(WHAT TO DO): Shown below are entries with pictures; the line with "Buy Angreji Girl" through the line with "VBC 100% Wool: Dark" is the span to retype exactly, and the pictures stay out.

(MATERIAL PROVIDED):
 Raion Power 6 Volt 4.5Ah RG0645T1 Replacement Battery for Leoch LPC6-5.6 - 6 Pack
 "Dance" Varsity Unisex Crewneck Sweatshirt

==

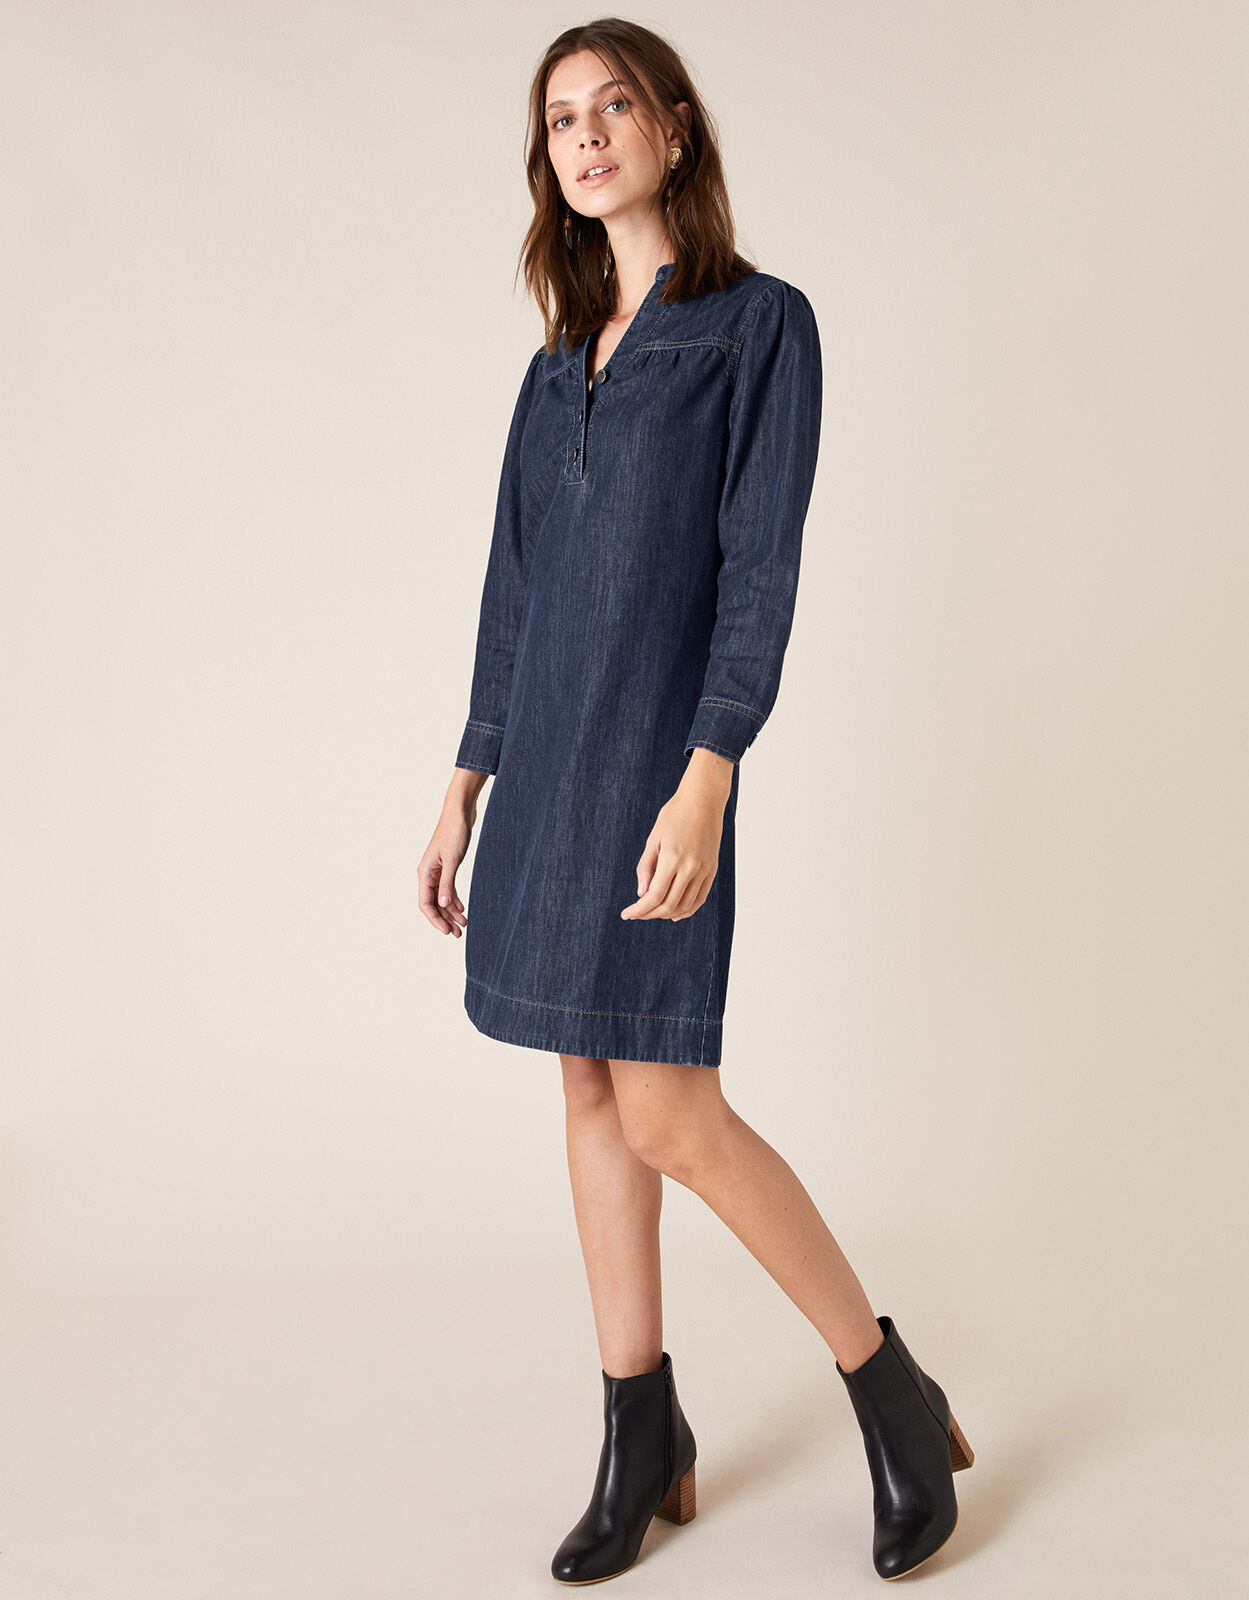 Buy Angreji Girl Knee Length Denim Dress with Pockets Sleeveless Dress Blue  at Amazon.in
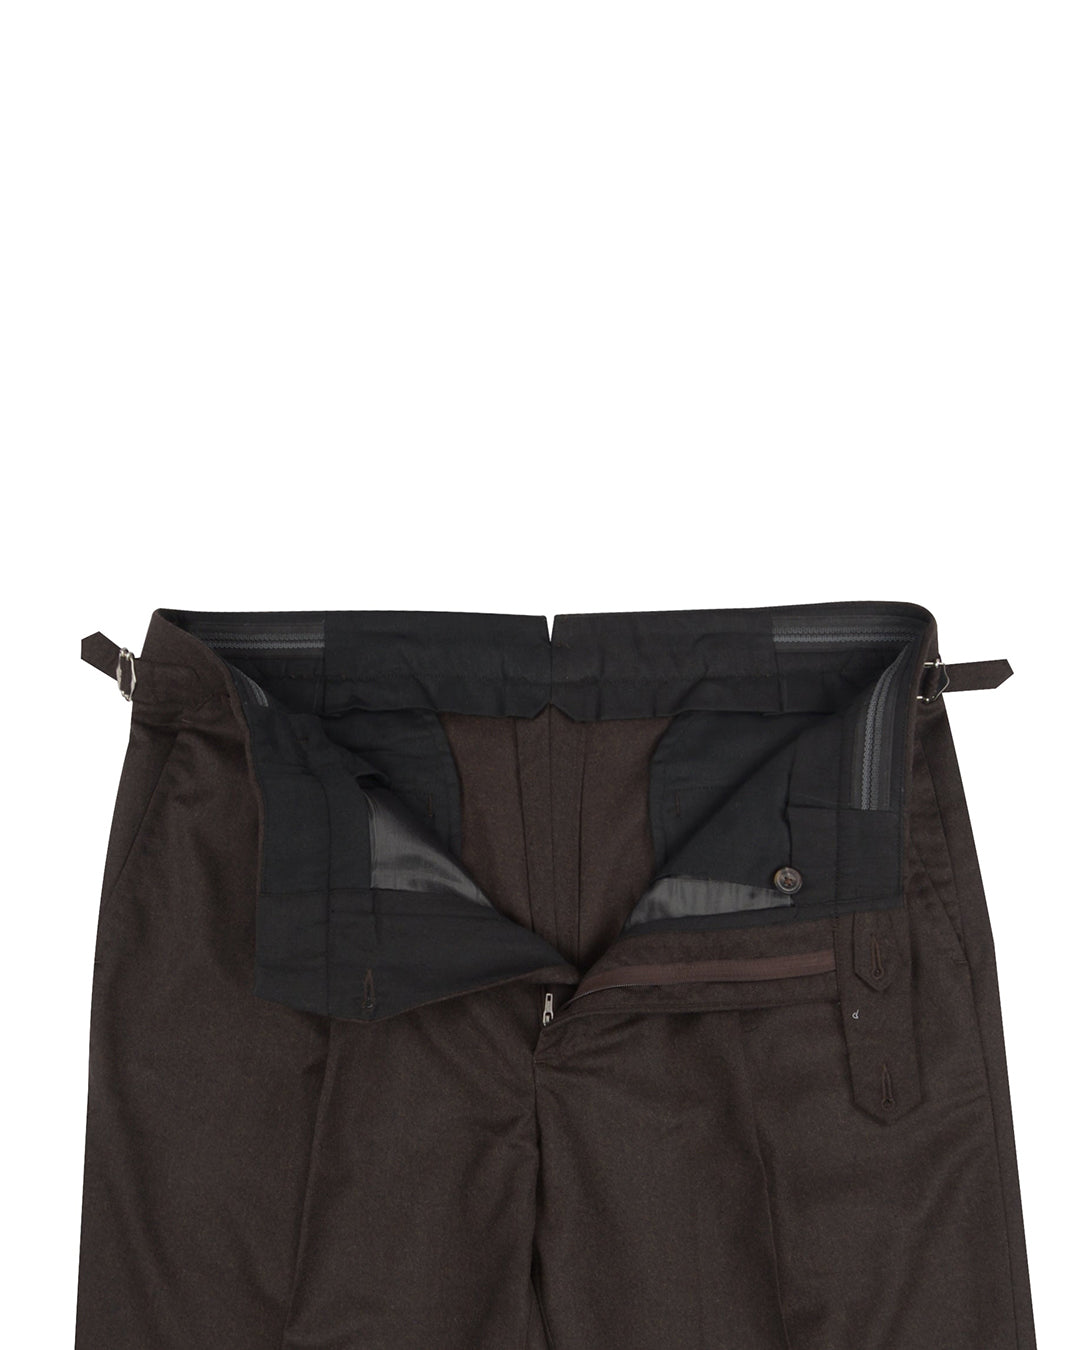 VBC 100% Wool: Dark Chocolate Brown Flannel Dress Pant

---

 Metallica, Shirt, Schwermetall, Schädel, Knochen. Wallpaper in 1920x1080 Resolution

(SOLVED PROBLEM):
 Buy Angreji Girl Knee Length Denim Dress with Pockets Sleeveless Dress Blue  at Amazon.in
 VBC 100% Wool: Dark Chocolate Brown Flannel Dress Pant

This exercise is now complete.